Ustawę „O pierwszym prezydencie Republiki Kazachstanu – Jełbasy” unieważnił Sąd Konstytucyjny. Ustawa ta stanowiła, że Nursułtan Nazarbajew jest przywódcą narodu (Jełbasy) i zapewniła mu dożywotnie przywileje i gwarancje. Nowa decyzja jest skutkiem wyników referendum z 5 czerwca 2022 r., w którym zdecydowano o wyłączeniu z Konstytucji ust. 4 art. 46 oraz innych norm, w tym ustawy „O pierwszym prezydencie Republiki Kazachstanu – Jełbasy”.
Nazarbajew kierował Kazachstanem przez prawie 30 lat, od 1989 roku, kiedy został pierwszym sekretarzem KC Komunistycznej Partii Kazachstanu. W marcu 2019 r. zrezygnował ze stanowiska prezydenta Kazachstanu, mianując na swojego następcę Kasyma-Żomarta Tokajewa. Ale on sam, mając status Jełbasy i pełniąc funkcję przewodniczącego Rady Bezpieczeństwa, zachował duże wpływy polityczne w kraju, wielu postrzegało go nawet jako rzeczywistego, choć niejawnego, przywódcę kraju.

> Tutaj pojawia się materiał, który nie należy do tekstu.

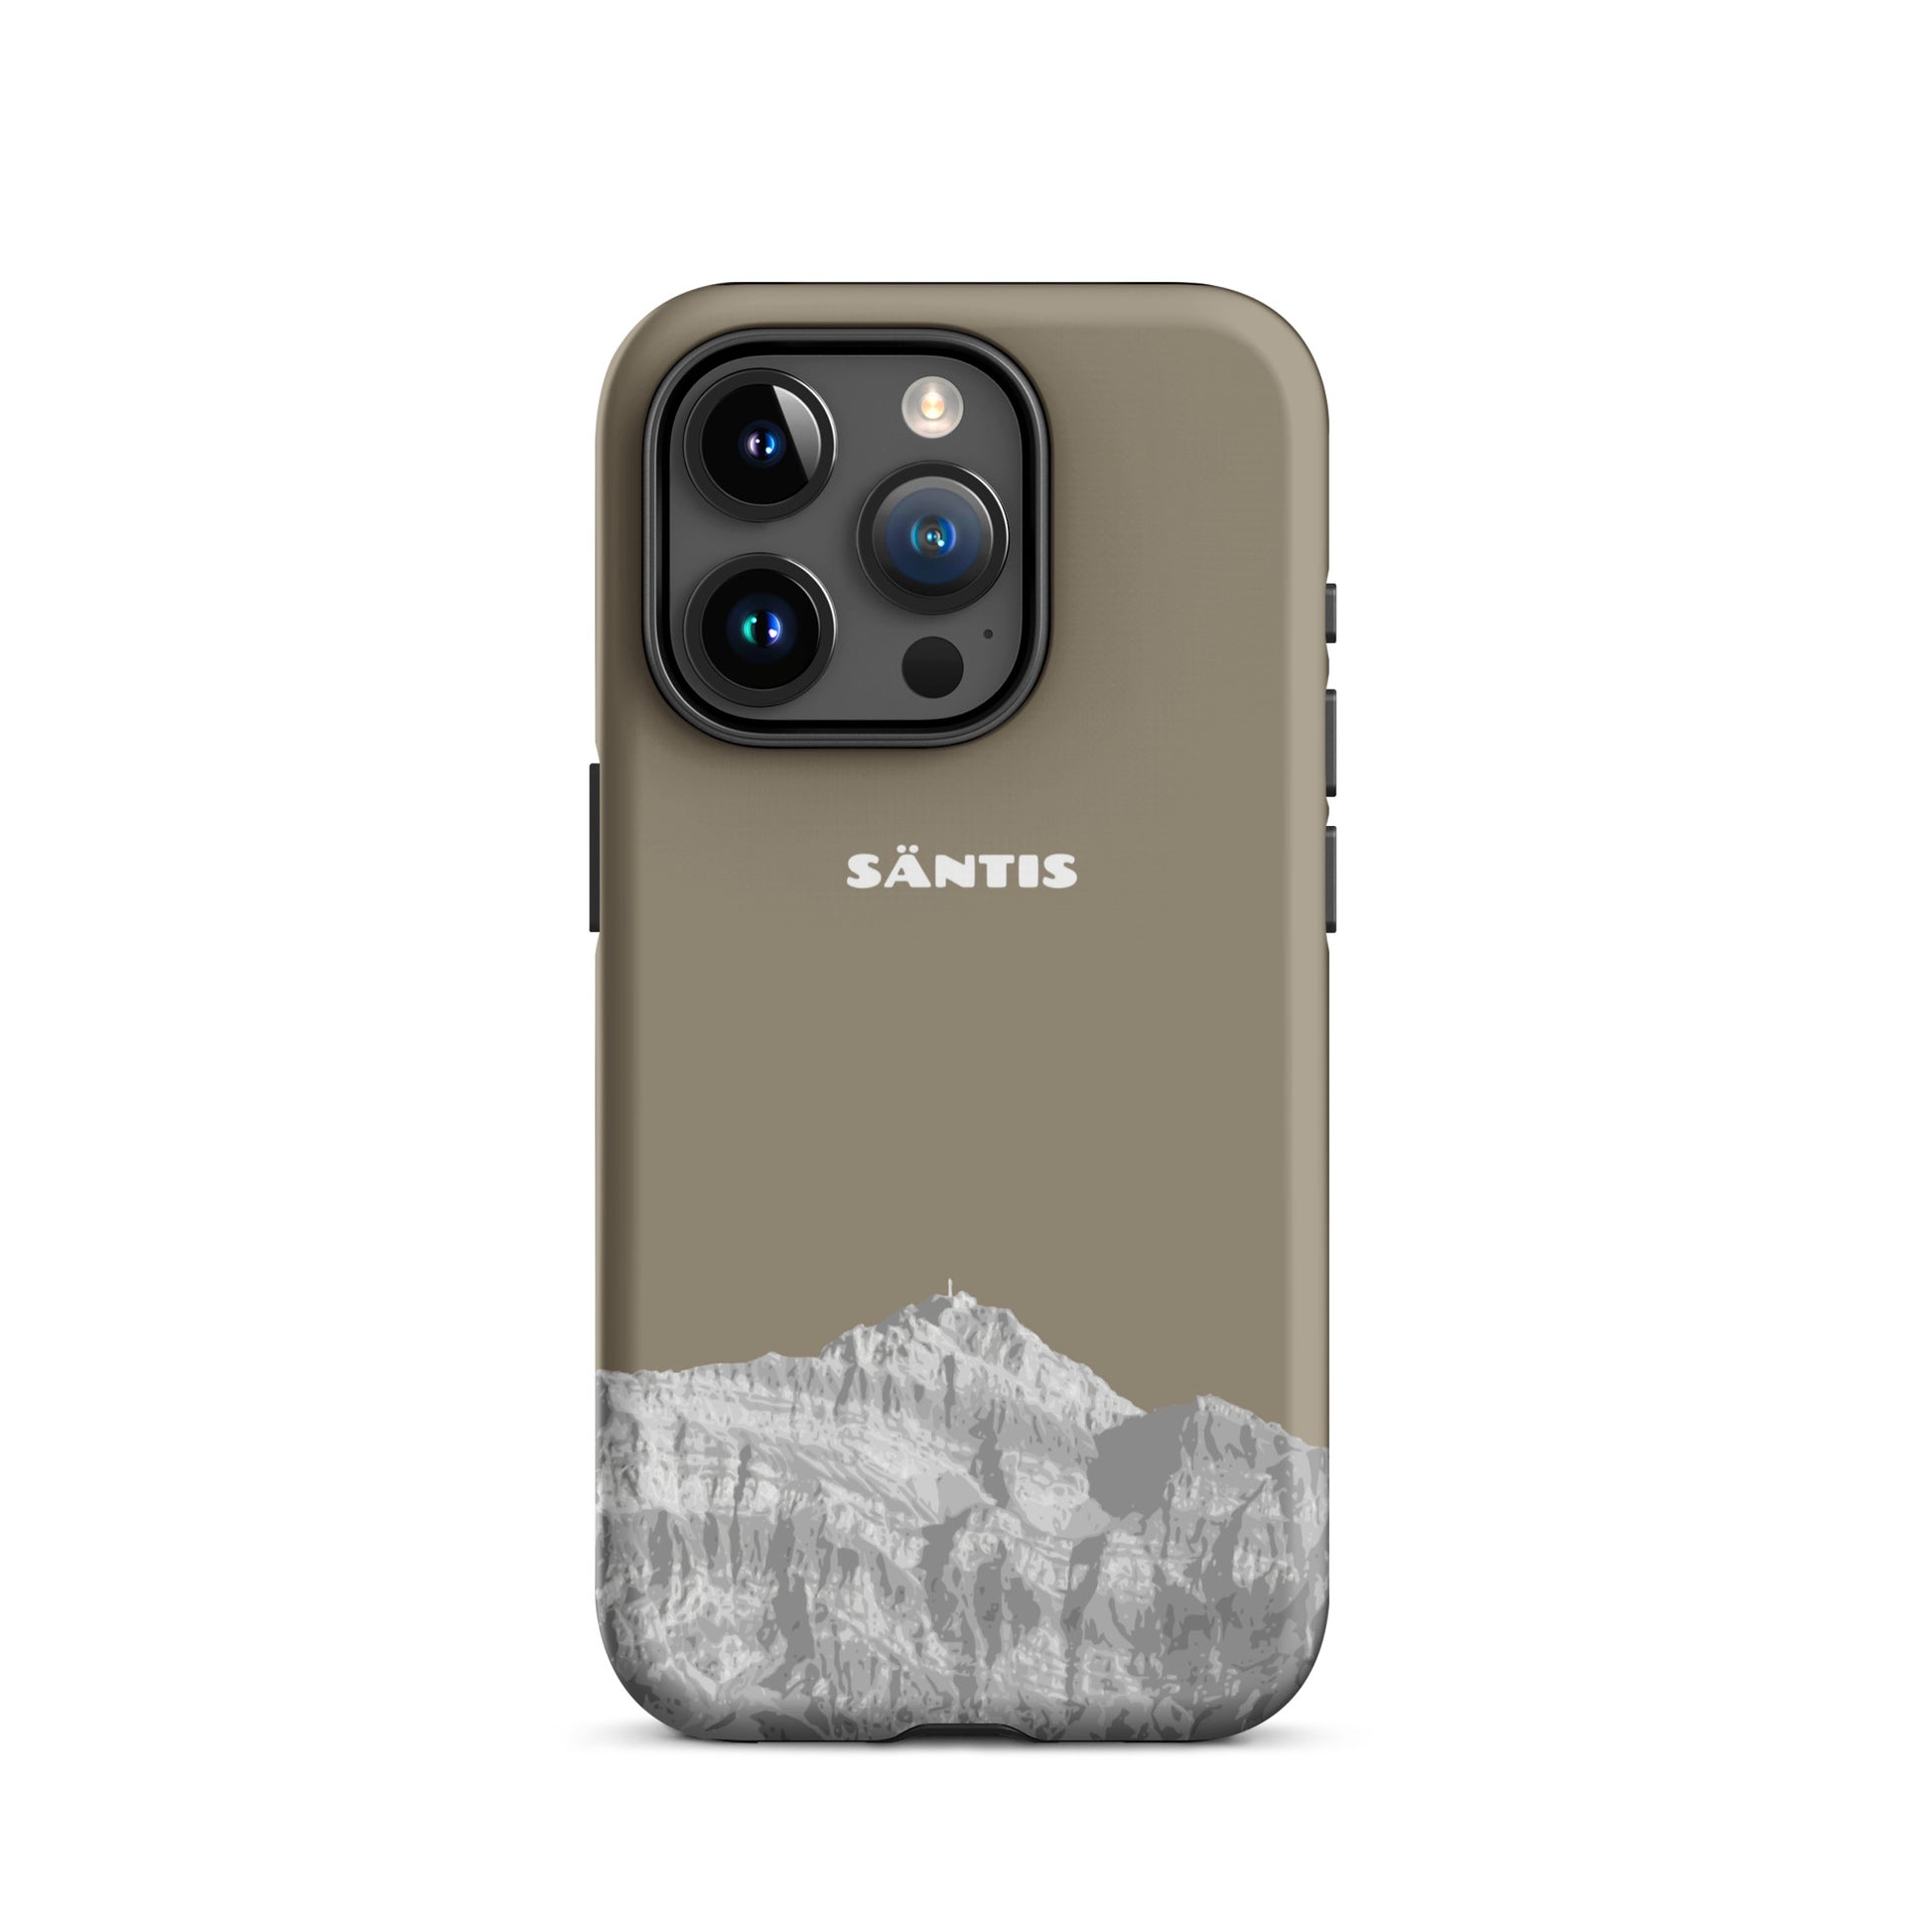 Hülle für das iPhone 15 Pro von Apple in der Farbe Graubraun, dass den Säntis im Alpstein zeigt.

Wszystko zmieniło się na początku ubiegłego roku, kiedy przez Kazachstan przetoczyła się seria masowych protestów, których jednym z głównych haseł było „Shał, ket!” („Starcze, odejdź!”). Tokajewowi udało się stłumić protesty, a zarazem je wykorzystać, by stopniowo, ale konsekwentnie pozbywać się wpływów swojego poprzednika.